The product
Role: Product Designer
PANDA Guide is a Tech4Good startup aiming to make the world more accessible to people with visual impairment by providing them the right technological tools necessary for their autonomy.
The main product is a wearable analyzing your surroundings to help you avoid holes and obstacles. It is paired with an app which provides an onboarding of the product, the ability to modify setting preferences, and updating the software for new features (text reading, object recognition…).


My role
As the sole product designer of the team, my role was broad and consisted in:
• Ensuring the relevance and consistency between the products (wearable + mobile app)
• Designing the “companion app” from scratch
• Conducting qualitative & quantitative user research
• Defining and prioritizing needs from these inputs
• Writing stories and planning future sprints (SCRUM method)
• Creating new features and interfaces (visual, audio, haptic) for both products
• Planning and running user testing sessions
• Collaborating with external stakeholders (design & mechanical office, sound designer, locomotion instructor)
User research
One of the most interesting aspects of working at PANDA was the target group. Before joining, I hadn’t met any person with visual impairment and I discovered a very interesting, yet challenging, niche of users to research and test our products with. Interesting, because I learnt a tremendous amount of facts on their daily life and pain points they’re facing. Challenging, because I was limited in research and testing tools due to their handicap, so I had to get creative to find alternatives.
I conducted a series of phone interviews to understand better their lifestyle, their type of visual impairment, the pain points they are facing on a daily basis and their relation to technology. Based on my findings, I created four personas, two of them being our core target and two others as secondary targets:
I also conducted several user testing sessions to explore different ways of guiding them through audio and haptics:
The app
The core of my work was to design the “companion app” for the wearable, based on my user research. This app has different main functions: tracking the product during production and delivery, onboarding the user upon reception, adjusting setting preferences for a custom experience, and managing updates of the software as new features come along.

The onboarding
Most products for people with visual impairment, such as electronic canes, require someone to help the user get to know the product, making the onboarding process expensing, time-consuming and restrictive, as it requires some planning and a diversity of locations. To overcome this, we decided to make a fully remote onboarding via an app. To make sure the user feels accompanied nonetheless, a help button is available all along to be able to contact our team by phone and mail at anytime.

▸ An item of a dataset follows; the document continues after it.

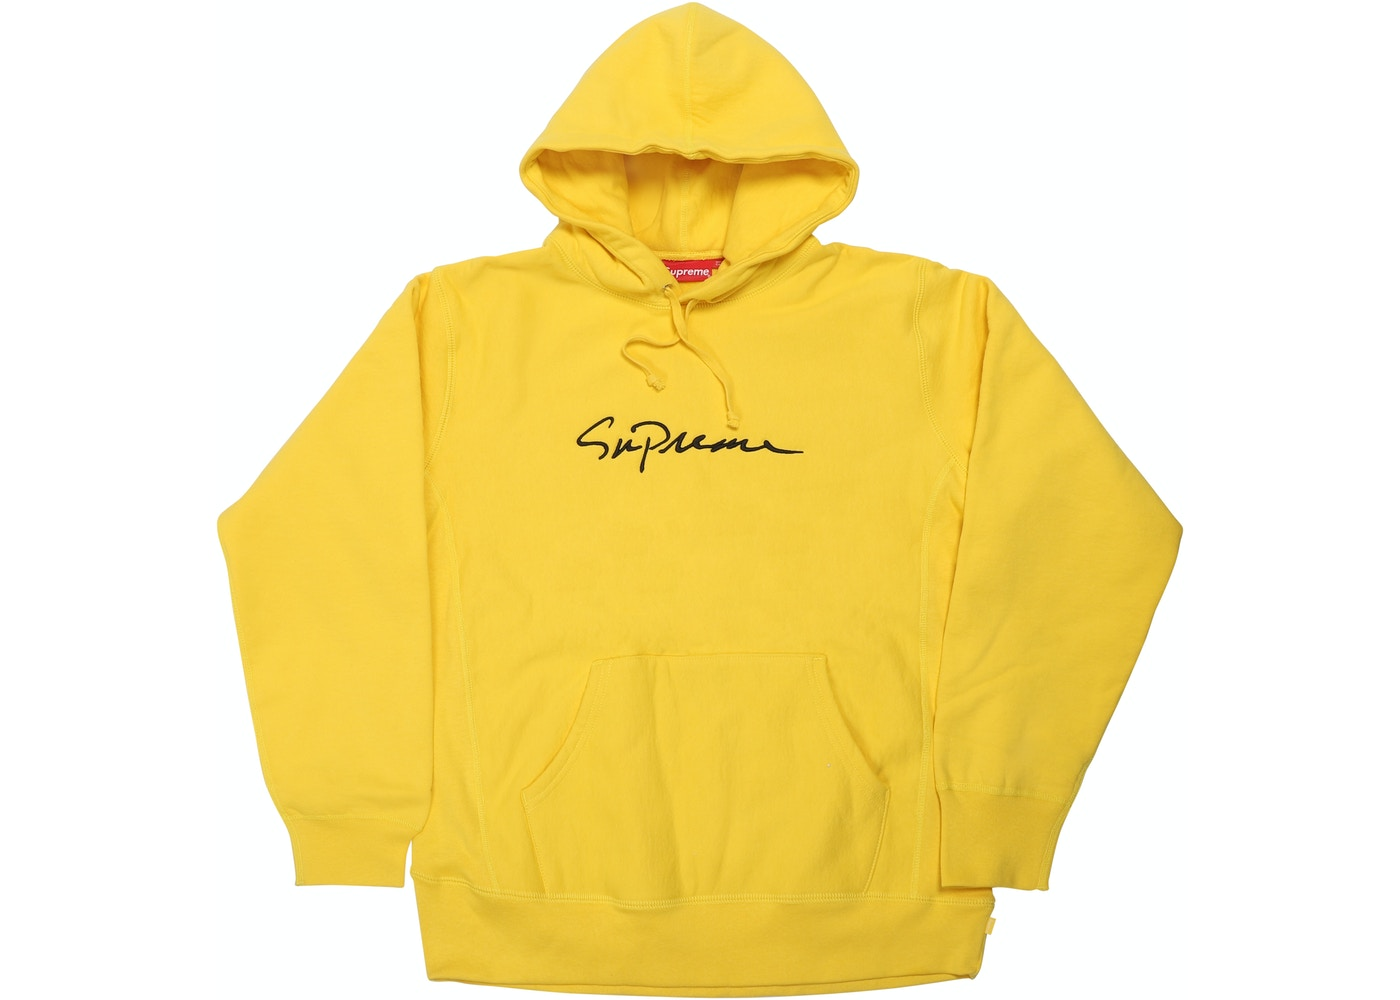 29fc68fc5 Supreme Classic Script Hooded Sweatshirt Yellow - FW18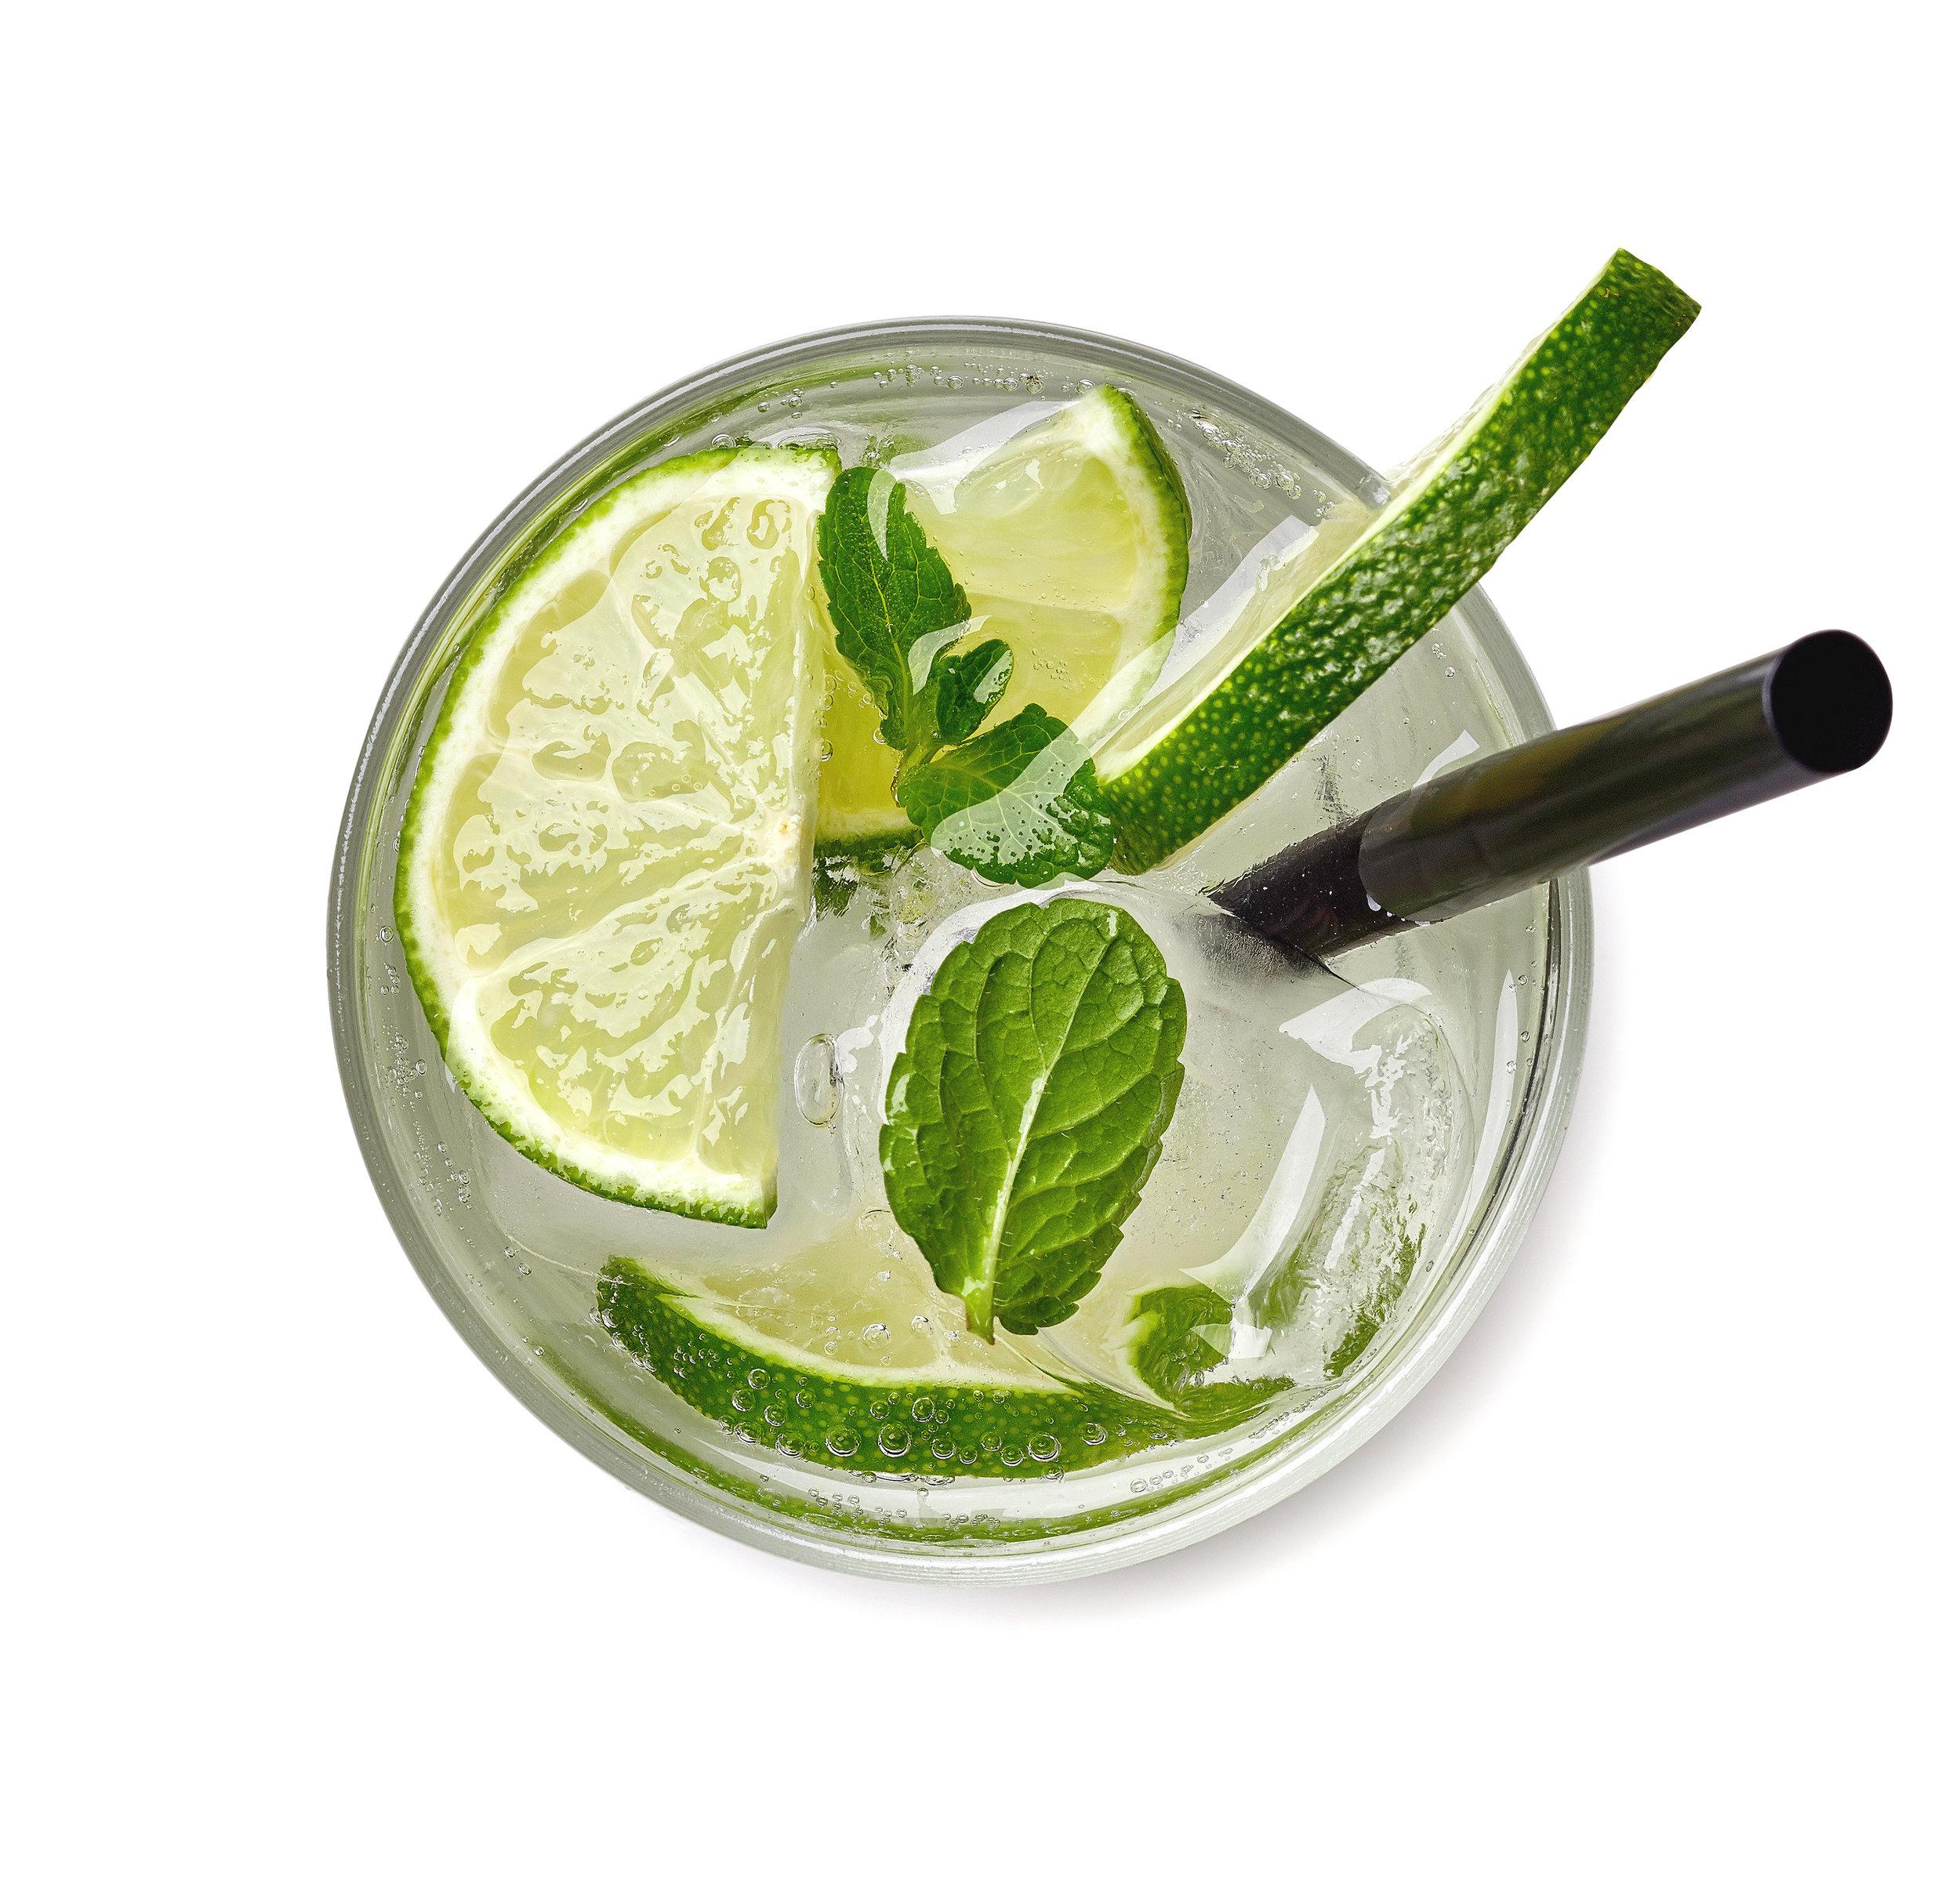 YV_Drink__0000_Yucajito.jpg

Setting preferences and updates
In addition to an in-depth onboarding, the app also provides the possibility to adjust the setting preferences – it is also doable directly on the product – and a way to make updates for the software inside the wearable, in order to access new functionalities as they come along.

Accessibility at the core
Users with visual impairment have different ways of using their phone, depending on their impairment. Some can see the screen (fully or partially, with more or less clarity) while some need a screen reader (VoiceOver on iPhone, TalkBack on Android). We have thus adapted the app to provide different options depending on the user’s phone’s settings, while using large fonts and dark, contrasted visuals to maximise their comfort.
My 24h-blind experiment
In my first month at PANDA Guide, I spent 24h blindfolded to experiment the feeling of living as a person with visual impairment. Of course, 24h is quite limited and didn’t allow me to explore most pain points a blind person can encounter, such as doing their groceries, but it gave me very interesting insights on some aspects of their daily struggles.